- Born: Kaoru Mabuchi February 4, 1911 Osaka, Japan
- Died: May 3, 1987 (aged 76)
- Occupation: Screenwriter
- Years active: 1953–1971

= Takeshi Kimura =

Japanese screenwriter

Kaoru Mabuchi (馬淵 薫, Mabuchi Kaoru), also known by his pen name Takeshi Kimura (木村 武, Kimura Takeshi), was a Japanese screenwriter who wrote many films for Toho studios. Kimura scripted several films for director Ishirō Honda, including Matango, Frankenstein vs. Baragon, The War of the Gargantuas, King Kong Escapes, and Destroy All Monsters. He was a member of the Japanese Communist Party whose screenplays often included political themes.
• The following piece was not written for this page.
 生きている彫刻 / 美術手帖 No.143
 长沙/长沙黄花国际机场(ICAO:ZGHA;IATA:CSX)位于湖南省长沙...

His scripts are frequently contrasted with those written by Shinichi Sekizawa, whose scripts for kaiju films typically had a more lightweight, "fun" tone.

Kimura considered the screenplay for Ishirō Honda's Matango to be his best work, and he considered all of his scripts from Frankenstein Conquers the World onward to be merely work for hire.

Kimura was known for having a dark and gloomy personality, and he was reportedly never very close to any of his fellow Toho employees. He died from a throat obstruction in his Tokyo apartment in 1987.